Protofeminists in the United States organized before the Seneca Falls convention as part of the suffrage, abolition, and other movements. Gender equality movements were practiced within the Haudenosaunee (Iroquois) nations long before America was colonized. Some have come to recognize the beginning of the feminist movement in 1832, as American Anti-Slavery Society (AASS), and The Connecticut Female Anti-Slavery Society formed as early as 1833. By the year 1837, 139 AASS societies were formed across the nation. The first national AASS convention was held in New York City in 1837. During the first convention, it was debated whether black women could participate. By the second and third conventions, demands were heard which saw to it that conventions were open to African American leadership and membership participation. On the evening of the second convention held in Philadelphia Hall, after the meeting adjourned and the attendees left, a violent mob burned down the hall. The issues discussed included the vote, oppression, and slavery, and laid the basis for future movements.

On November 15, 1895, Elizabeth Cady Stanton wrote an address describing how, in her perspective, the Seneca Falls Convention  "... was the first woman's rights convention ever held in the world ... a declaration was read and signed by most of those present, and a series of radical resolutions adopted." Stanton's recollection prompted historians since the 1950s to attribute the Seneca Falls Convention in 1848 (at which the Women's Suffrage Movement began in the United States) as the earliest North American Feminist Movement. The convention met annually for fifteen years thereafter. Attendees drafted the Seneca Falls Declaration of Sentiments, outlining the new movement's ideology and political strategies.

The earliest North American and European international women's organizations were the International Council of Women, established in 1888 in Washington, DC, US. The term Feminist Movement was coined in the late nineteenth century to distinguish the Feminist Movement from the Women's Movement, allowing for inclusion of male feminists. The new movement thus prompted the likes of male feminists George Lansbury of the British Labour Party to run for political candidacy on the feminist ticket in 1906. As the awareness of feminist movements evolved, transnational feminism and nationalist feminist movements established themselves worldwide. Priorities and ideas vary based on the political or cultural positions of the women in the area where each movement originates. General topics of feminist coalition politics include lack of legal rights, poverty, medical vulnerability, and labor. These political issues are often organized around division by class, caste, ethnicity, religion, sexuality, nationality, and age. Early
Russian nationalist feminist activists founded the All-Russian Union for Women's Equality in 1905, allowing women to vote and allowing co-education. In 1931, the All-Asian Women's Conference was held in Lahore in what was then British India. This meeting is one example of the time period which "demonstrated the networking of women across various divides". The spirit of the conference can be understood as International or Global feminist.

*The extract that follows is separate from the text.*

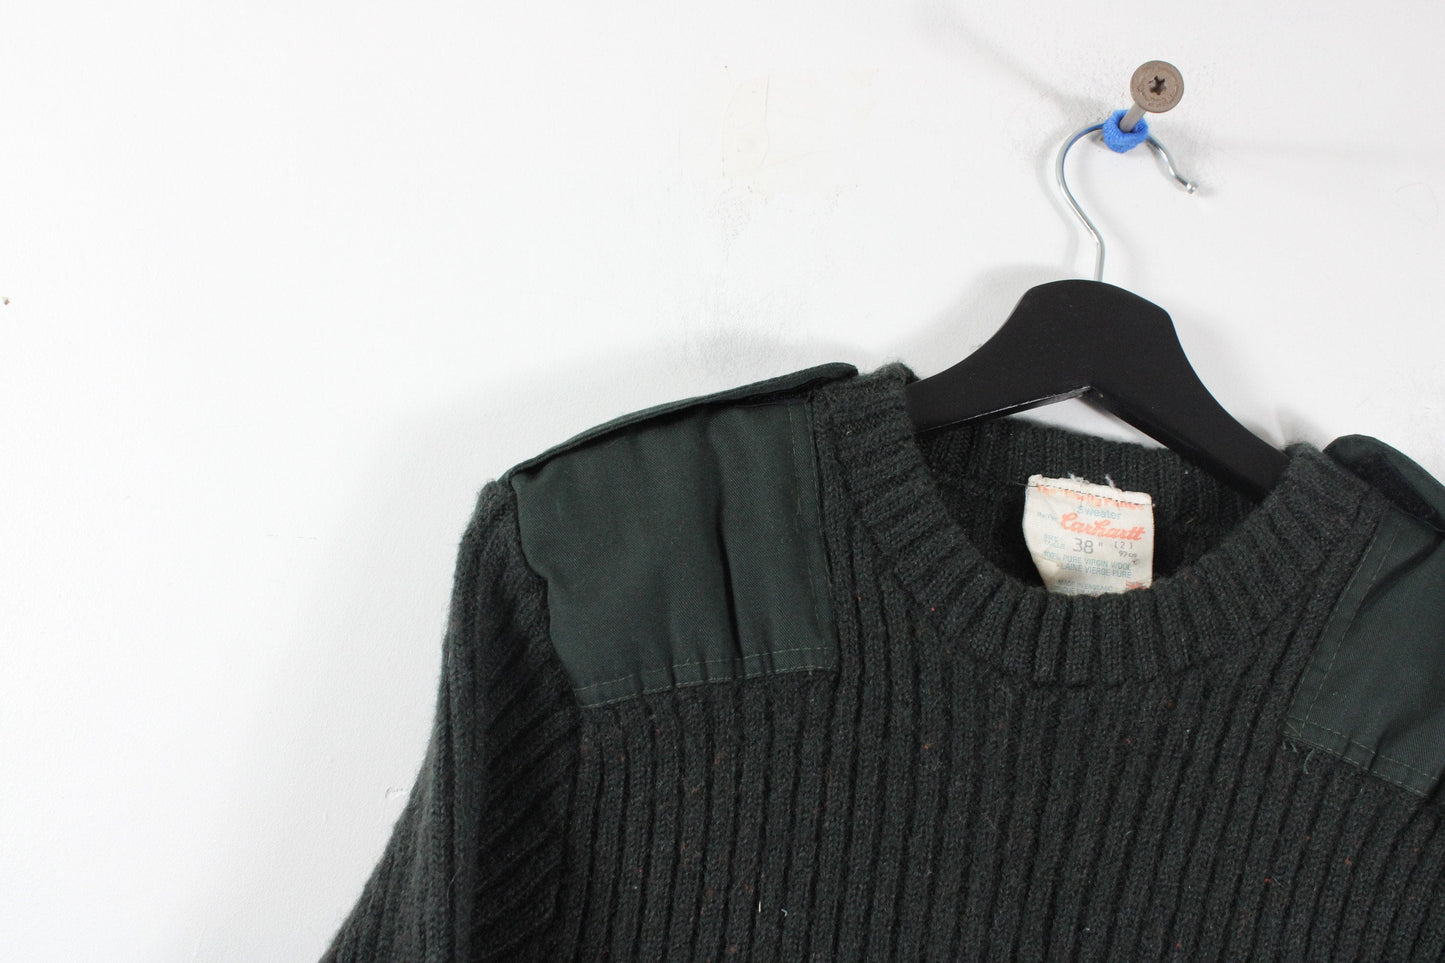 Carhartt Virgin-Wool Sweater / 60s Vintage Cable-Knit Sweatshirt / 1960s Work Wear Utility / Heavy Construction Clothing

=== Pre-feminism society ===

The feminist movement has been an ongoing force throughout history. There is no way to determine the exact date when the feminist movement was first thought up, because women have been writing on the topic for thousands of years. For instance, the female poet from Ancient Greece, Sappho, born in roughly 615 BC, made waves as an acclaimed poet during a time when the written word was conducted primarily by men. She wrote poetry about, among other things, sexuality.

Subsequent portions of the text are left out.